Look through the records below for the line with "rare splendid armchair". Return that line and each one after it up to and including the line with "it measures just", exactly.

--- Material to process ---

+ + + + + + +

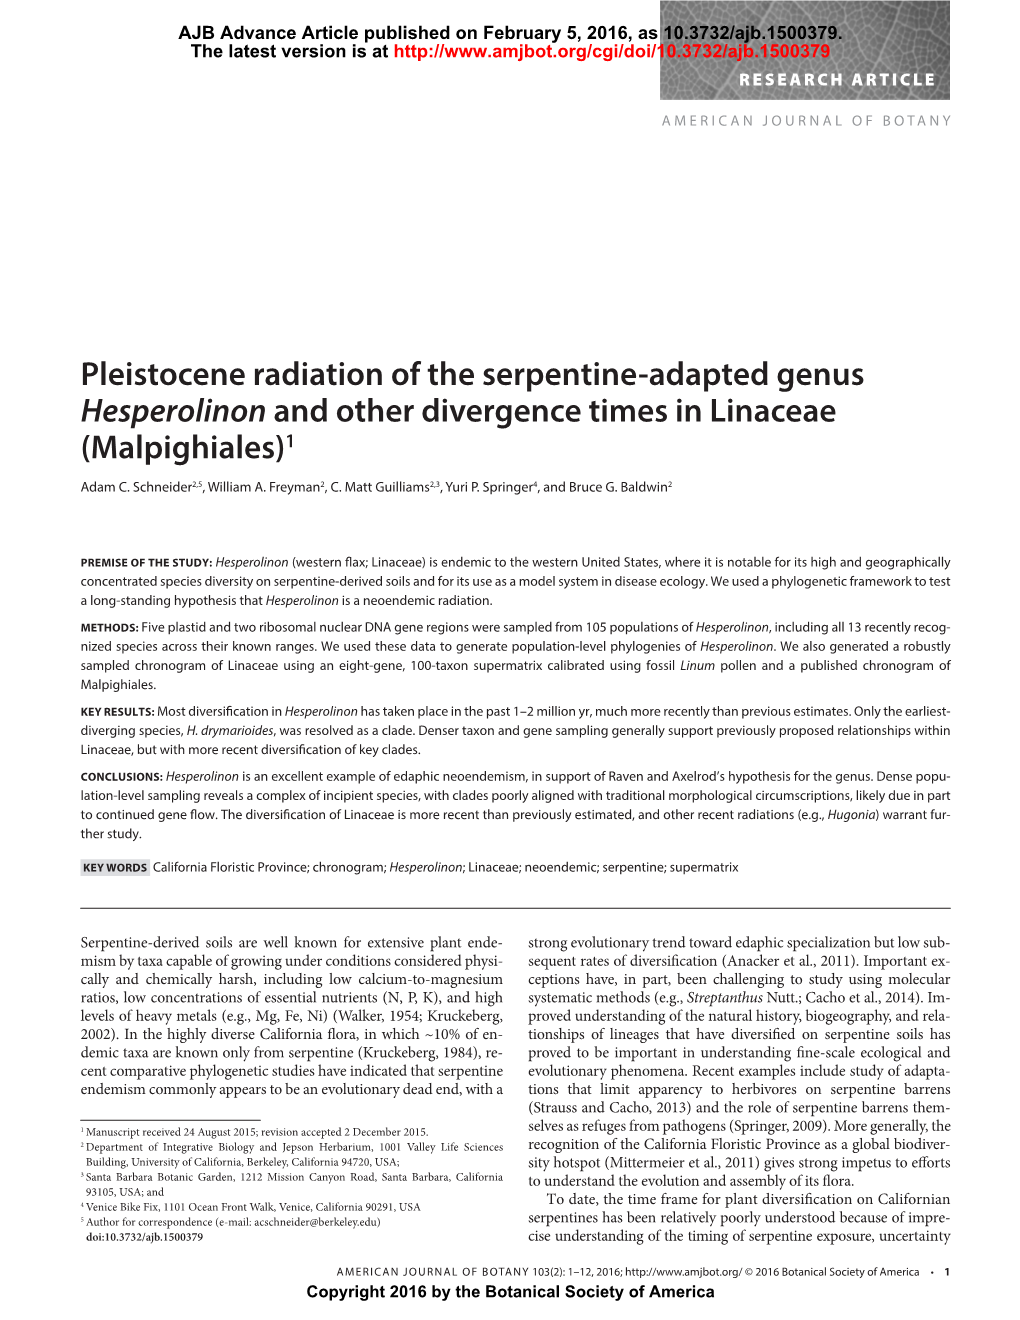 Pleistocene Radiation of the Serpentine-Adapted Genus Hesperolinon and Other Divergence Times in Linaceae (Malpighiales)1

+ + + + + + +

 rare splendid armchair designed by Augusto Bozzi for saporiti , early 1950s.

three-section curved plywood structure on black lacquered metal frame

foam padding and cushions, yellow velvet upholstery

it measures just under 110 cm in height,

+ + + + + + +

--- Response area ---
 rare splendid armchair designed by Augusto Bozzi for saporiti , early 1950s.

three-section curved plywood structure on black lacquered metal frame

foam padding and cushions, yellow velvet upholstery

it measures just under 110 cm in height,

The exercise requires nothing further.